• [TASK DESCRIPTION]: Below are entries. Give back exactly the lines from the one containing "METAL SIGN - 1970" through the one containing "Dragon Boat, royal", inclusive, without the pictures.

• [TASK MATERIAL]:
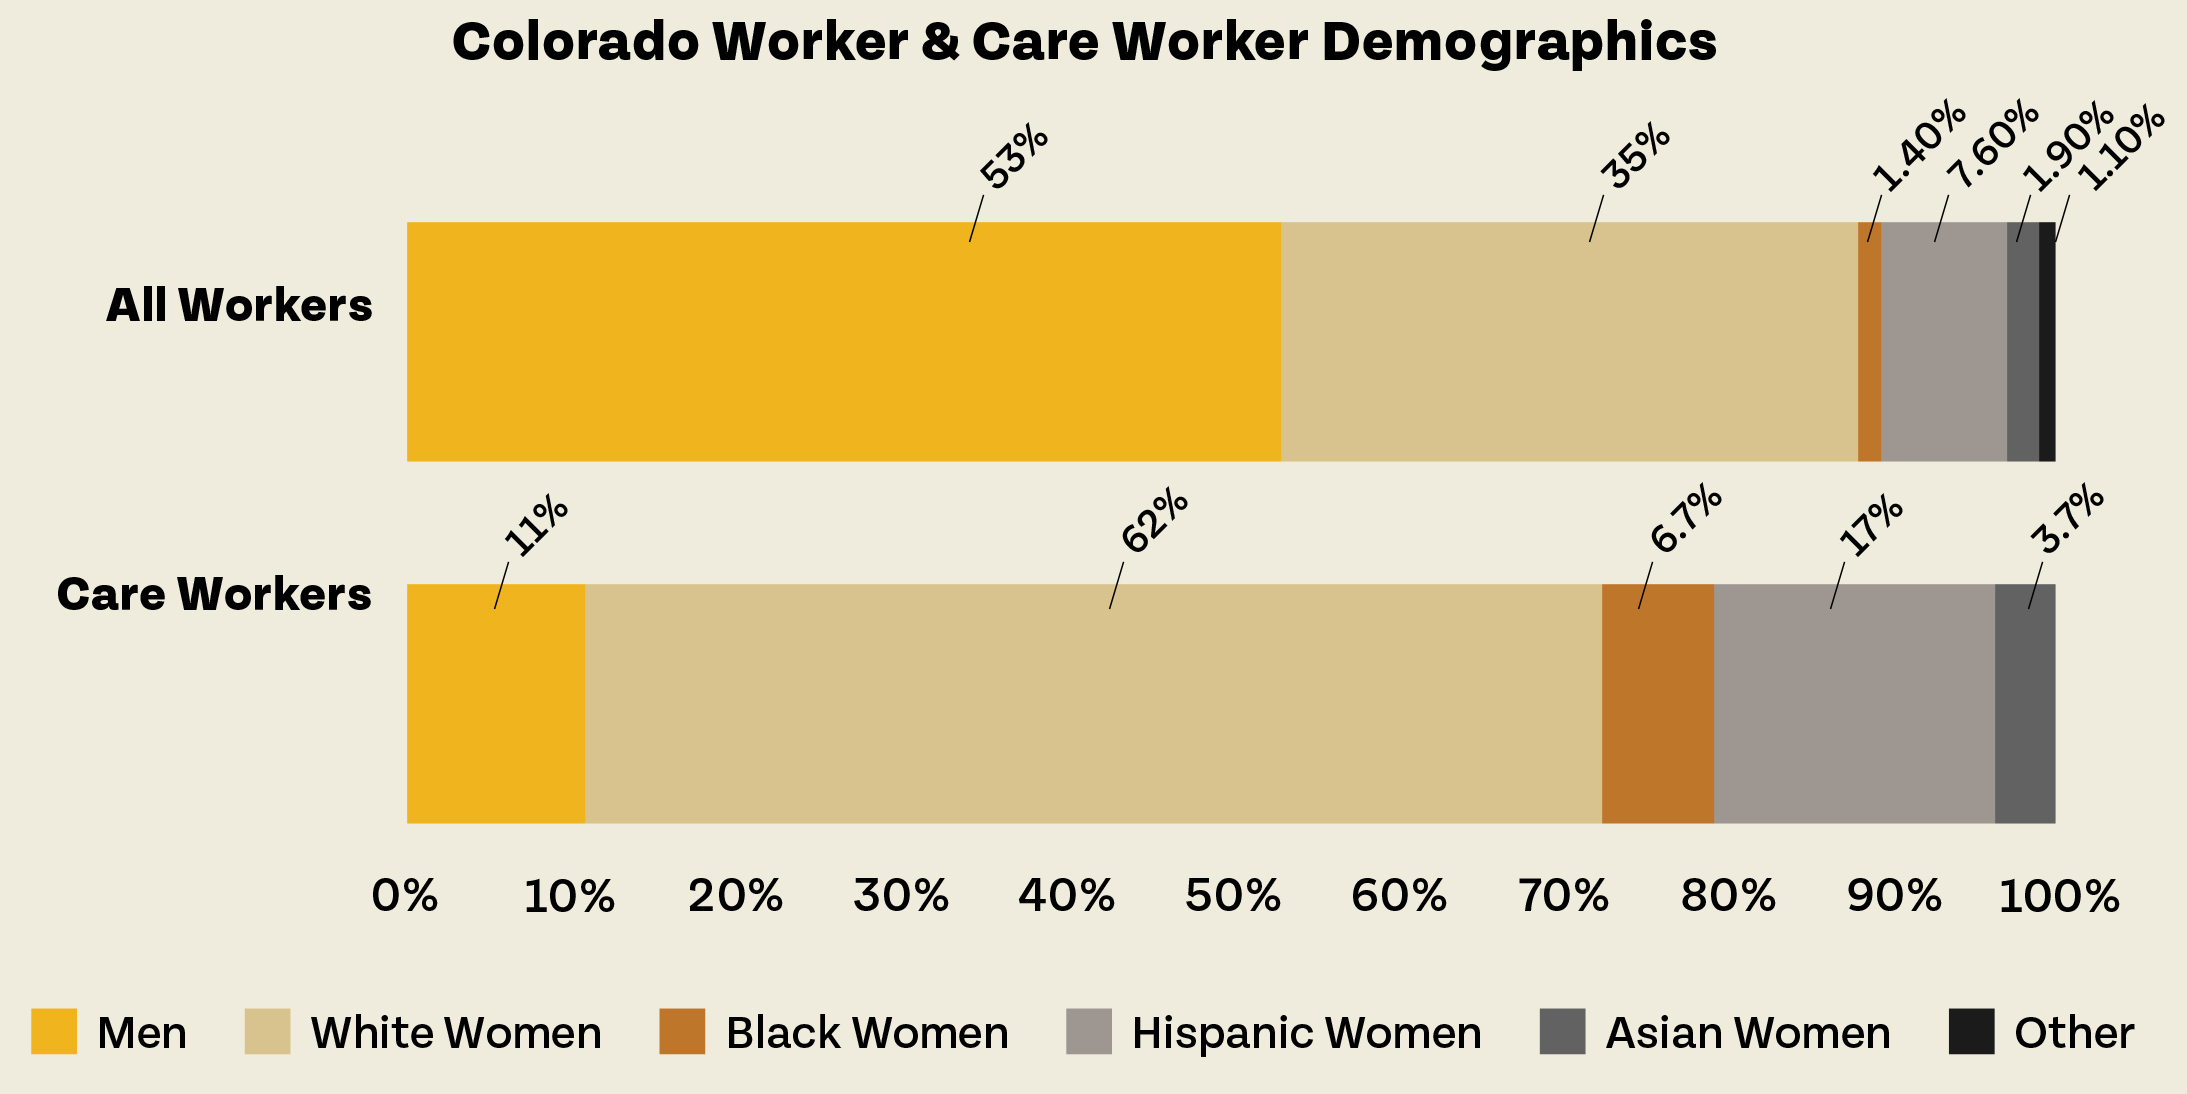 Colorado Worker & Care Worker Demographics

---

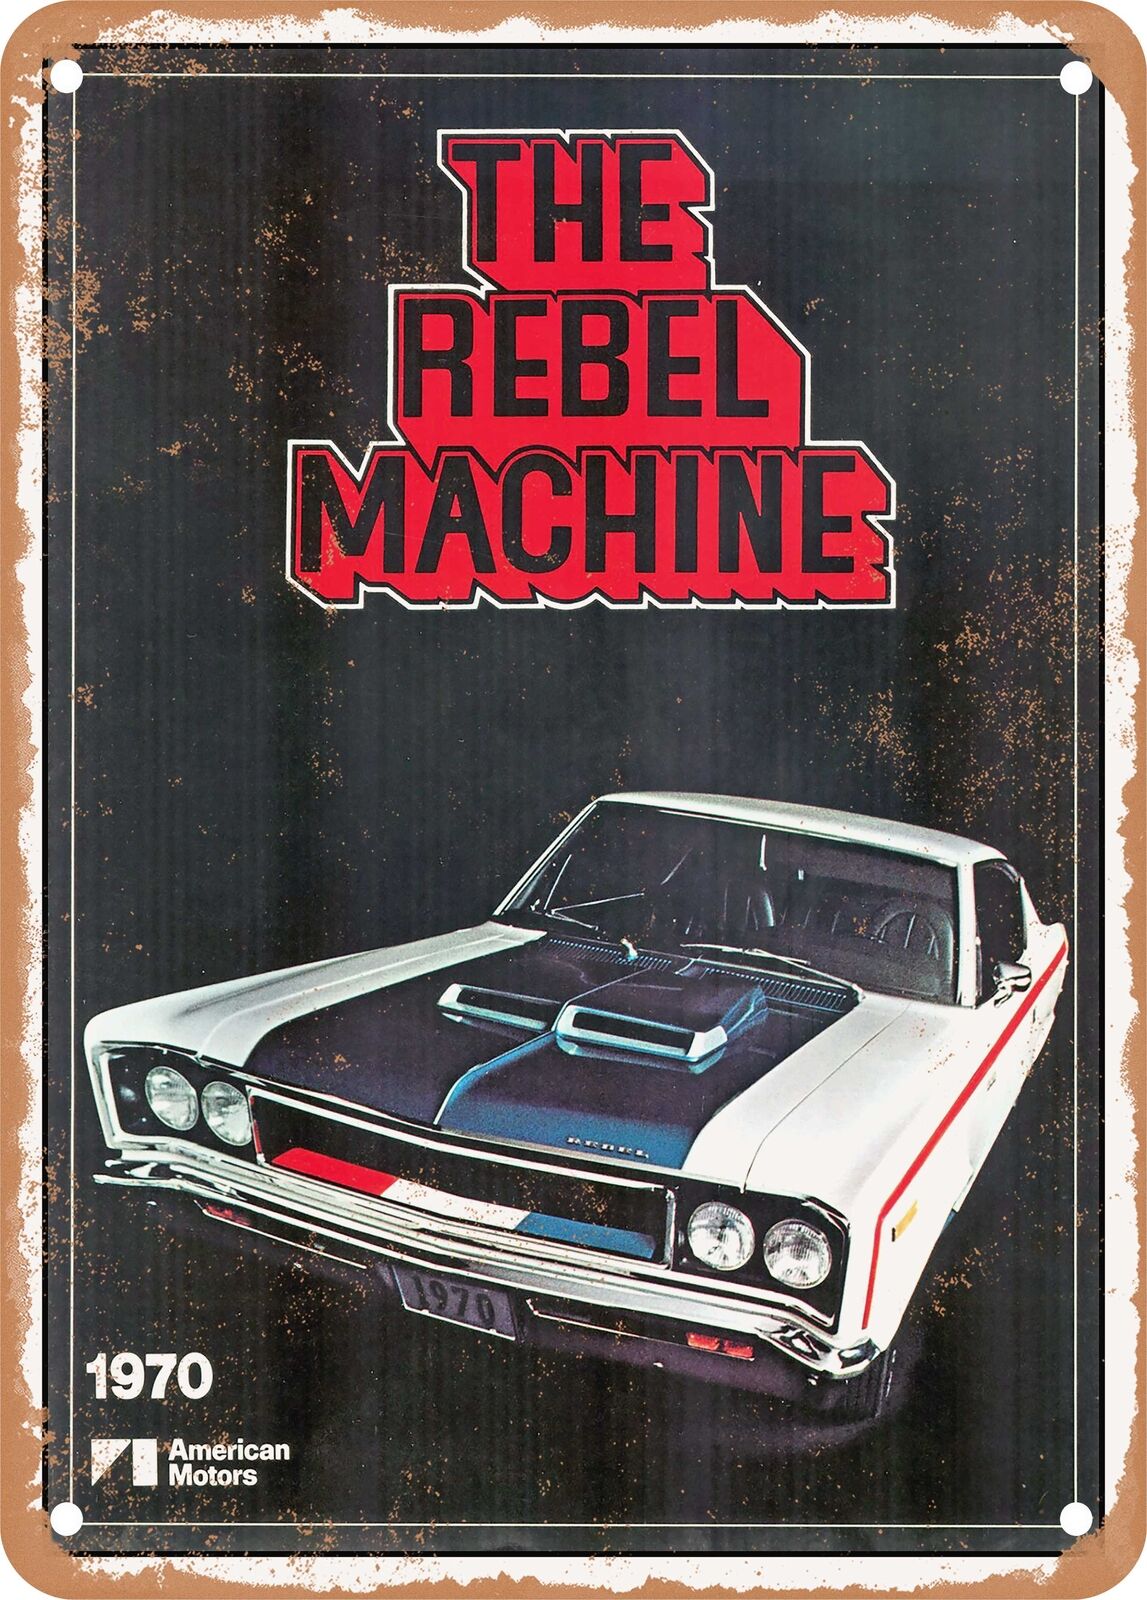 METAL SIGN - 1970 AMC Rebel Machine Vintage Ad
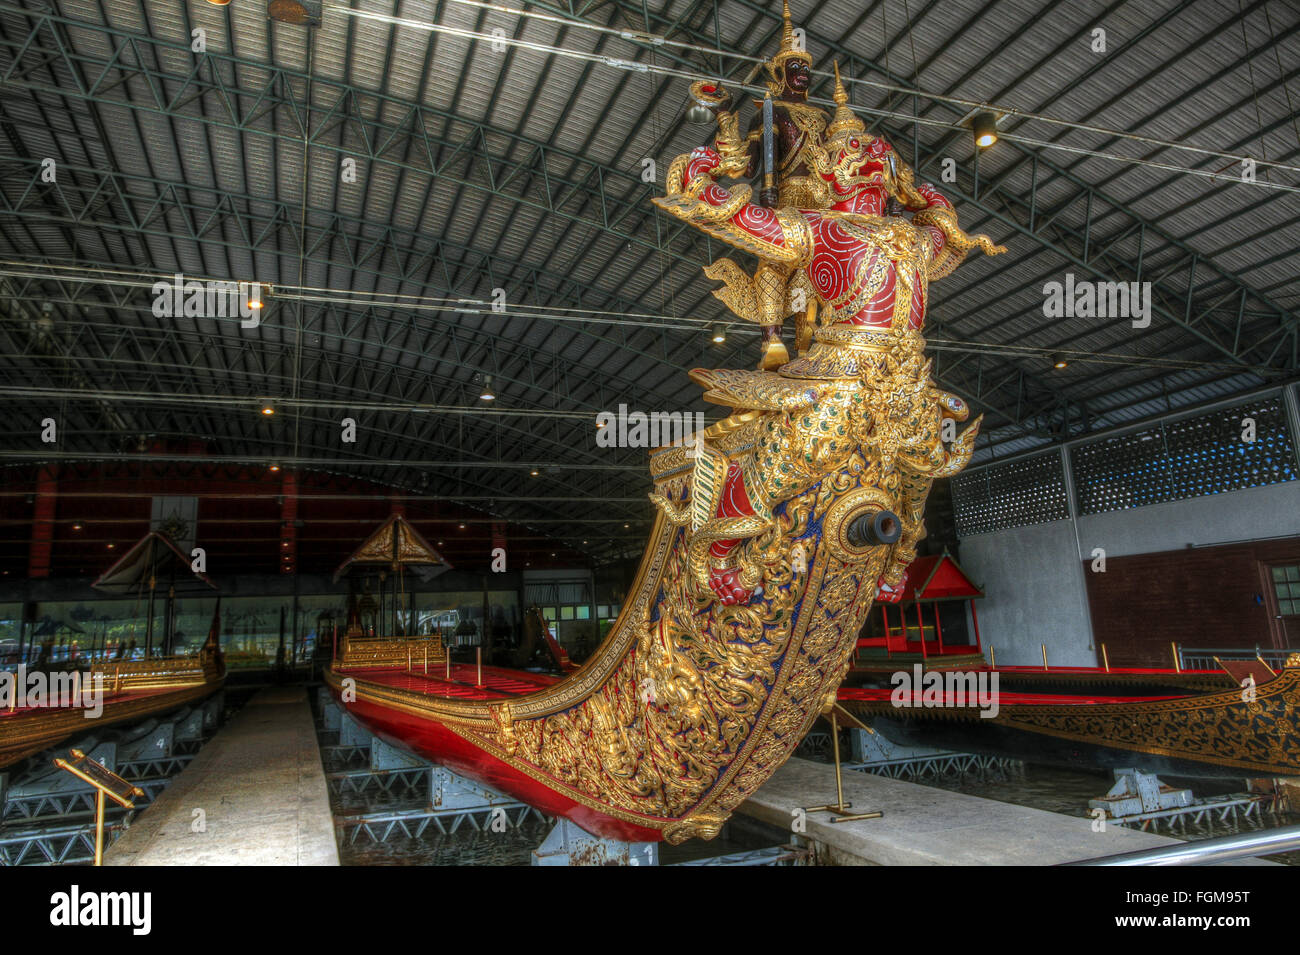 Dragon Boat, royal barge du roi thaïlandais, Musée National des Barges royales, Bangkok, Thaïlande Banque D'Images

---

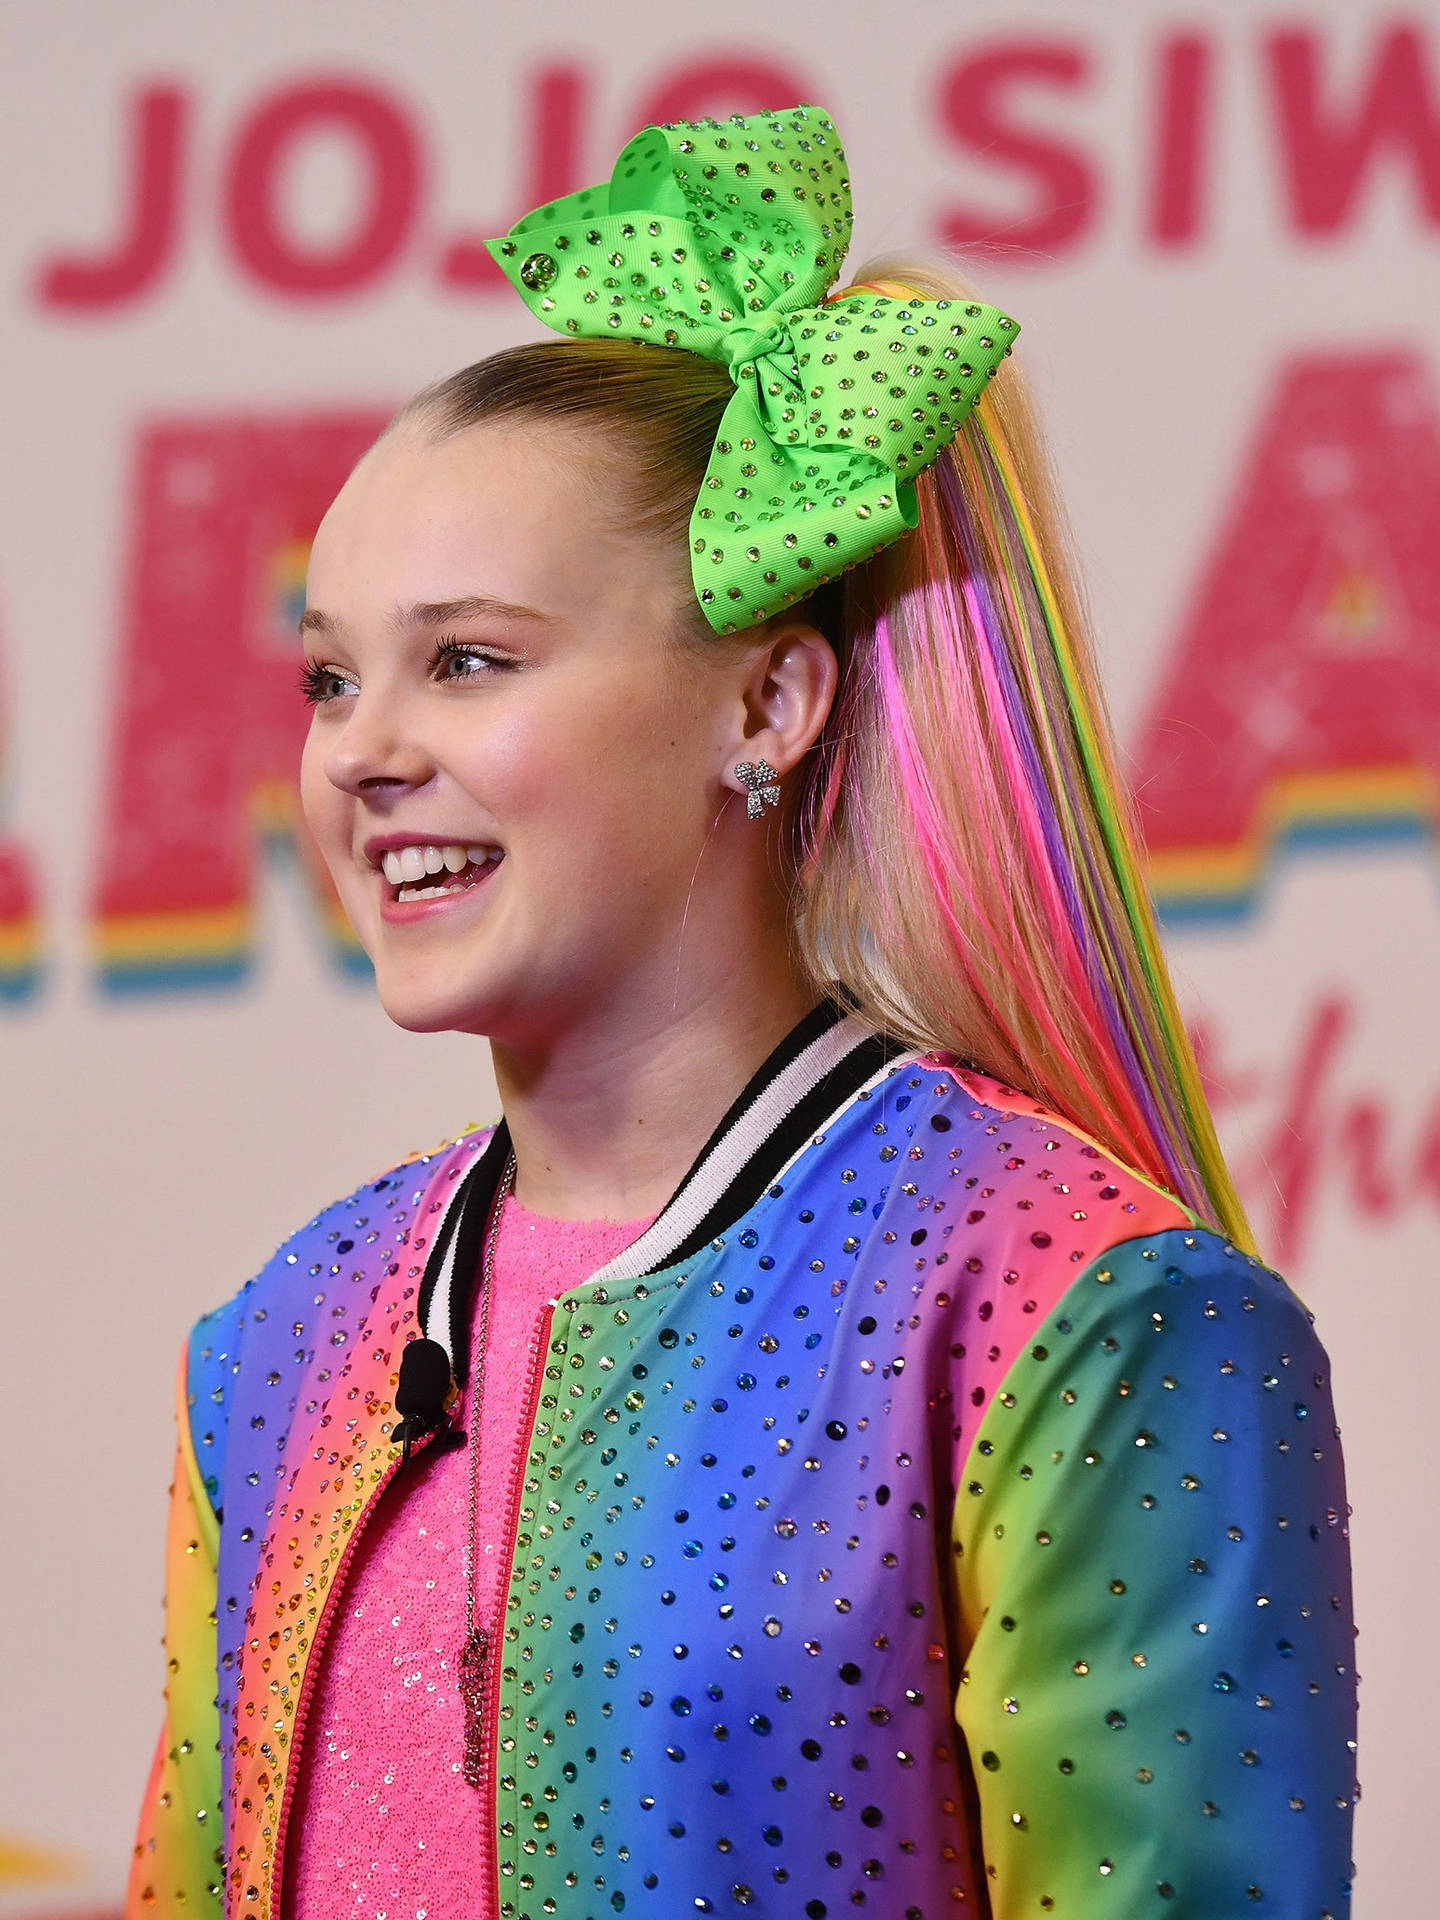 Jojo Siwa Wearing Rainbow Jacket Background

• [ANSWER BELOW]:
 METAL SIGN - 1970 AMC Rebel Machine Vintage Ad
 Dragon Boat, royal barge du roi thaïlandais, Musée National des Barges royales, Bangkok, Thaïlande Banque D'Images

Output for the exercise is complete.